A exemplo, faz-se importante mencionar a situação do Haiti que, no início de 2010, ficou destruído em razão de um terremoto, desastre que deixou milhares de pessoas deslocadas internamente e outras milhares tiveram que sair do Haiti na busca de sobrevivência em outros países. Por conseguinte, os países da América Latina para onde os haitianos se dirigiram na busca de proteção viram-se diante de um novo desafio, uma vez que, embora os haitianos não pudessem ser reconhecidos como refugiados nos termos da Convenção de 1951 – que não abrange no âmbito da sua proteção as vítimas de desastres ambientais -, a situação extremamente difícil vivenciada por esses indivíduos passou a exigir uma resposta humanitária por parte dos países de acolhida, inclusive do Brasil.

Segundo dados do Comitê Nacional de Refugiados – CONARE, o Brasil conta com um total de 4.401 refugiados de 77 nacionalidades diferentes, sendo que todos os refugiados acolhidos no Brasil vivem em centros urbanos, não existindo no país a figura dos campos de refugiados.

Sobre o número de refugiados que vivem no Brasil, relata Julia Bertino Moreira:

“Hoje, segundo estatística do CONARE, 4.131 refugiados de 72 nacionalidades vivem no Brasil, dos quais 3.745 são “espontâneos”, que chegam ao país por si só, frequentemente através de redes sociais, e 386 reassentados, oriundos de outros países de primeiro asilo, pelos programas de reassentamento, coordenados pelo CONARE com o apoio do ACNUR e outras organizações da sociedade civil. O maior grupo acolhido é de angolanos (1.687); em seguida, aparecem os colombianos (551) e congoleses (356) (CONARE, 2009).” [24]

Faz oportuna a passagem de Carolina Moulin sobre os refugiados espontâneos:

“Refugiados espontâneos são, como o próprio termo indica, aqueles que chegam aos portos de entrada e solicitam, por conta própria, refúgio às autoridades competentes. Normalmente, embora certamente haja exceções, os refugiados espontâneos no Brasil chegam por portos, aeroportos e rodovias e encontram pela primeira vez o aparato protetivo humanitário. Muitos permanecem no país por período determinado em situação irregular e só procuram a proteção após obte­rem referências das instituições de assistência locais ou por meio de contatos com comunidades diaspóricas (de migrantes e refugiados)”  [25]

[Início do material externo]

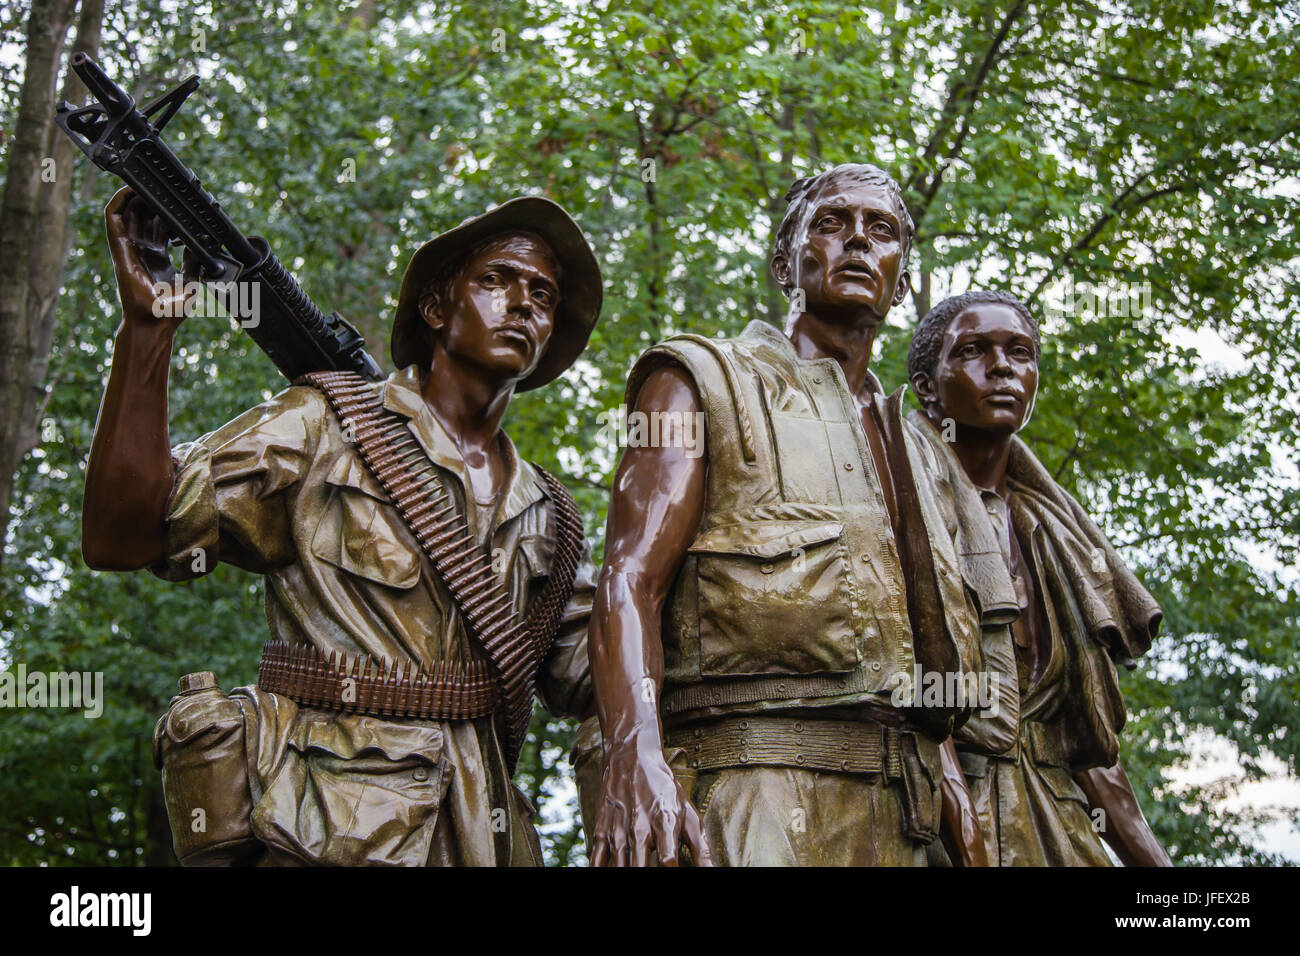 Washington DC, United States of America - 20 juin 2009 : "Les trois soldats" statue de Frederick Hart. Situé dans la Vietnam Veterans moi Banque D'Images

Sobre as solicitações de refúgio no Brasil, afirma André de Carvalho Ramos:

“É digno de nota o expressivo número de indeferimentos de solicitações de refúgio no Brasil. A estatística demonstra que, entre 1998 e 2006, houve 2.094 indeferimentos pelo Conare (o recurso ao Ministro da Justiça apresenta cifras insignificantes de provimento: apenas quatro recursos foram providos neste mesmo período), o que é muito, pois existem hoje no Brasil um pouco mais de três mil refugiados. (…)O Brasil hoje acolhe mais de três mil refugiados do mundo, uma pequena gota dos milhões existentes, de acordo com os dados do Acnur, tendo o Conare já indeferido mais de duas mil solicitações. Há mais de 70 nacionalidades entre os acolhidos no Brasil e o desafio da inclusão desses estrangeiros em situação de risco continua.” [26]

E, a respeito do atendimento prestado aos refugiados no Brasil, na prática, afirma Marjory Figueiredo Nóbrega de França:

No Brasil, o atendimento aos refugiados prevê três ações: proteção, sob a responsabilidade do governo brasileiro, a quem incumbe o fornecimento de documentos de identificação e de trabalho; assistência – promovida pela Cáritas – entidade mantida pela Igreja Católica e que trabalha em conjunto com o Acnur; e integração social, através de parcerias com entidades privadas, como Senac, Senai, Sesc e Sesi.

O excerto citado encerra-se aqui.